Thursday, June 26, 2008

Thoughts after the Solstice

Of my solstice poem, posted here last week, my best friend and most useful critic (because she never lies just to be nice) said “I think the image of a dying sun gushing fire onto us is a little unsettling, but only a little.”
I agree; I find it unsettling, and meant it to be unsettling.
There are several ideas lying behind that poem which admittedly couldn’t be extracted from the text.
There was the thought of the Taurobolium, the sacrifice to the Great Mother made in old Rome in which the communicant stood under a perforated platform so that the blood of the sacrificed bull poured down upon him.
I also was thinking about Longleaf Pines, the huge pines that once dominated much of Georgia. Longleaf forests require fires: the mature trees survive the fires, and the seeds germinate only in fire-scorched soil.
But also though about global warming. I’ve been concerned about the greenhouse effect since I first read about it while preparing a sixth-grade science project, long before it was a popular topic of conversation.
In fact I think we – by “we” I mean our human “civilization” in the form it now exists – are screwed. The climate is destabilizing and at some point it will snap. The system will got out of control, and many bad things will happen before it reaches some new equilibrium – and it will reach that equilibrium, but by then the world will be a very different one in which humans have lived through our recorded history (an eyeblink in geological time.)
The disaster is upon us and I doubt that anything our great nation-states and corporations and leaders can do will stop it happening.
And maybe that means humans will get another chance, to start over again and maybe not screw up so bad. Which is the other thought behind the poem; that the head of the sun is burning off our botched civilization.
I wrote some of this thought to BF&MUC, who has heard me say such things before. She replied: “I'm not fond of the thought if ‘starting over’" means lots of pain and/or mortality for many humans.

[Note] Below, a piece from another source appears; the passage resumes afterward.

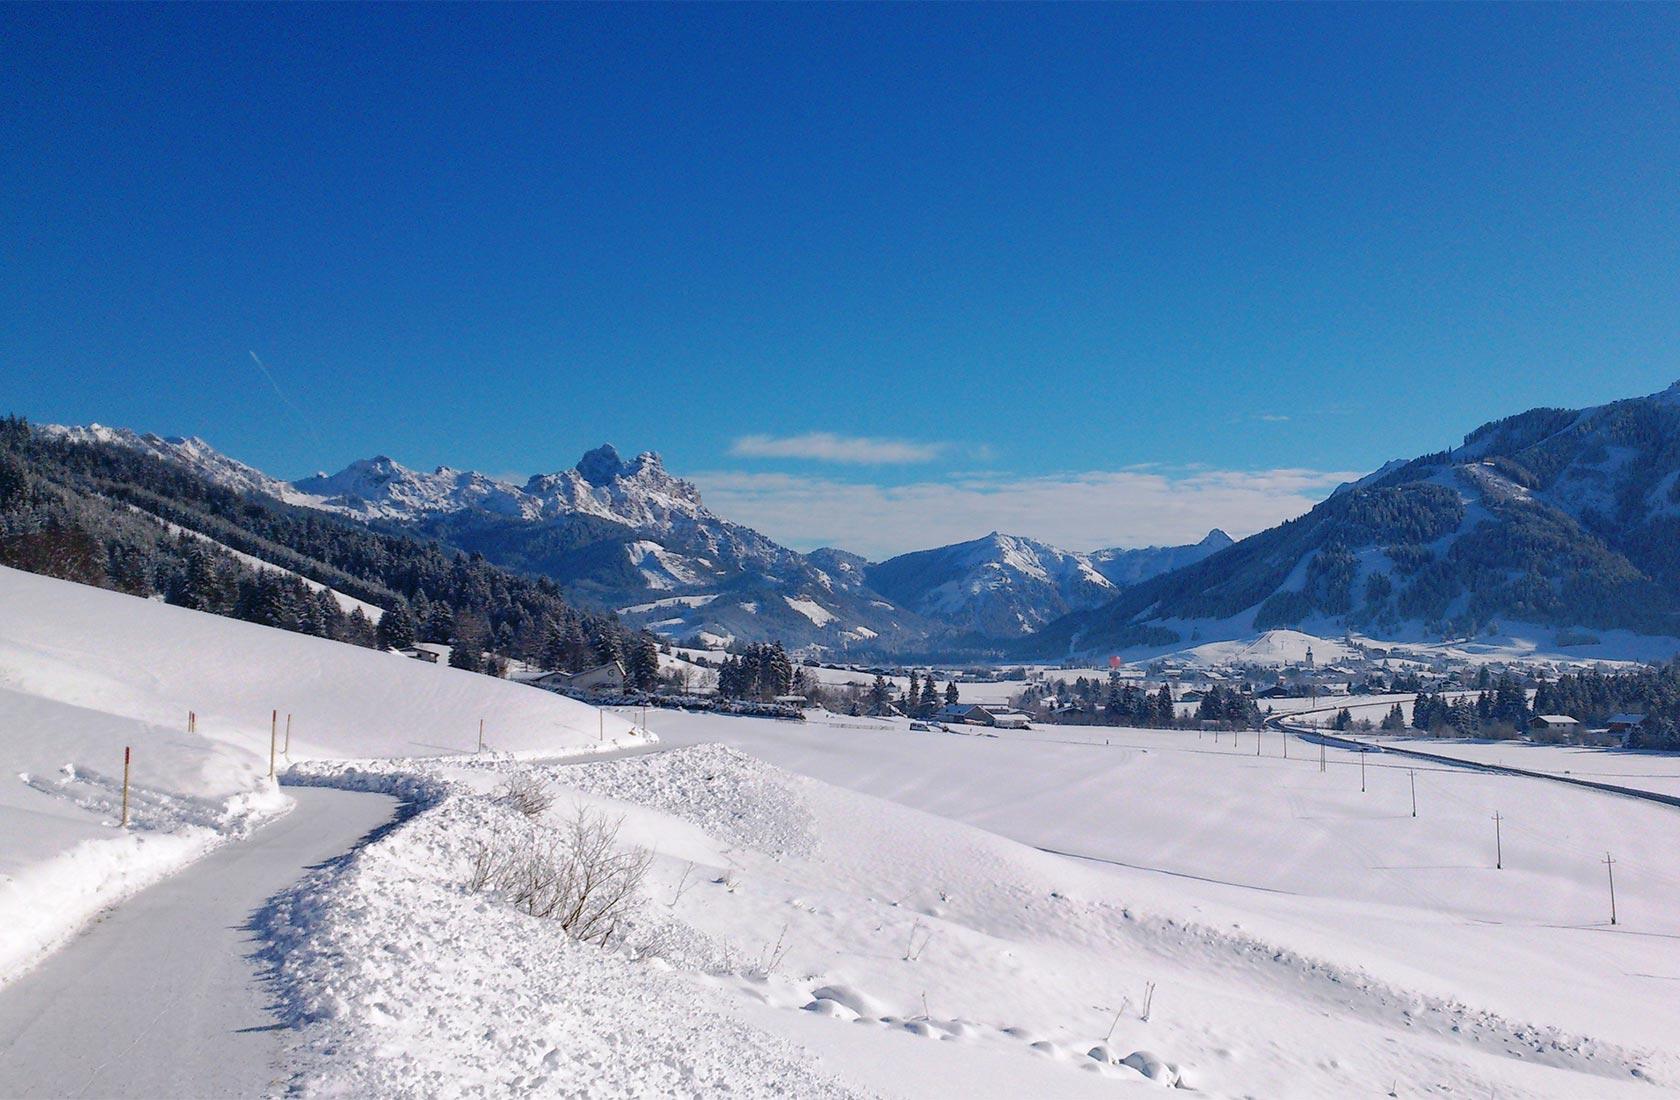 Winter Urlaub mit wandern im Tannheimer Tal in Tirol

If it means we have a chance to avert such suffering by changing ourselves a bit, that's ok -- of course I realize that we might all have differing ideas about how we need to change.”
She’s right, of course. I don’t hope for the disaster; I just think it’s inevitable. The point to hope for, work for, strive a way of salvaging something from the disaster.

Sunday, June 15, 2008

Lines for the Summer Solstice

High has he risen, radiant and Holy.
Call him Bel, Attis, Tammuz or Balder.
Beautiful and proud, his heart draws the shadow’s blow.
From his death-wound, let the Fire pour down.
Let the Sun’s heart-blood burn the Earth clean.
Let the buried seeds of old Magic be wakened.
Let the Sun’s sacrifice set us free.